Trade/Device Name: DuraPro™ Oscillating System Regulation Number: 21 CFR 882.4560 Regulation Name: Stereotaxic Instrument Regulatory Class: Class II Product Code: OLO Dated: February 29, 2024 Received: February 29, 2024

Dear Jennifer Antonacci:

We have reviewed your section 510(k) premarket notification of intent to market the device referenced above and have determined the device is substantially equivalent (for the indications for use stated in the enclosure) to legally marketed predicate devices marketed in interstate commerce prior to May 28, 1976, the enactment date of the Medical Device Amendments, or to devices that have been reclassified in accordance with the provisions of the Federal Food, Drug, and Cosmetic Act (the Act) that do not require approval of a premarket approval application (PMA). You may, therefore, market the device, subject to the general controls provisions of the Act. Although this letter refers to your product as a device, please be aware that some cleared products may instead be combination products.
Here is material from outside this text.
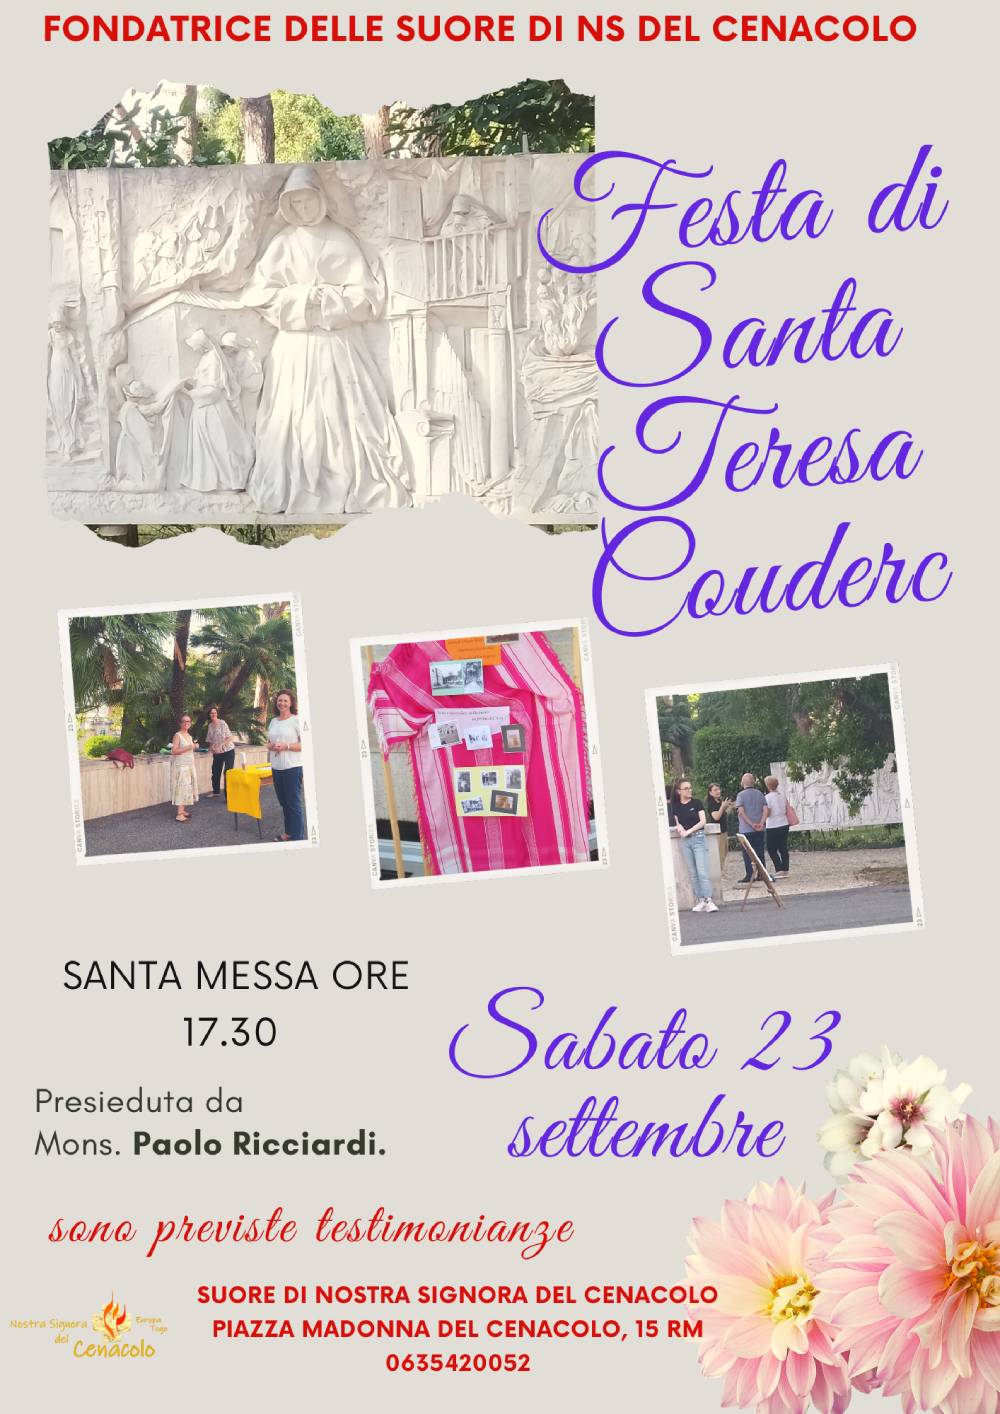 Invito Festa di Santa Teresa Couderc

The 510(k) Premarket Notification Database available at https://www.accessdata.fda.gov/scripts/cdrh/cfdocs/cfpmn/pmn.cfm identifies combination product submissions. The general controls provisions of the Act include requirements for annual registration. listing of devices, good manufacturing practice, labeling, and prohibitions against misbranding and adulteration. Please note: CDRH does not evaluate information related to contract liability warranties. We remind you, however, that device labeling must be truthful and not misleading.

If your device is classified (see above) into either class II (Special Controls) or class III (PMA), it may be subject to additional controls. Existing major regulations affecting your device can be found in the Code of Federal Regulations, Title 21, Parts 800 to 898. In addition, FDA may publish further announcements concerning your device in the Federal Register.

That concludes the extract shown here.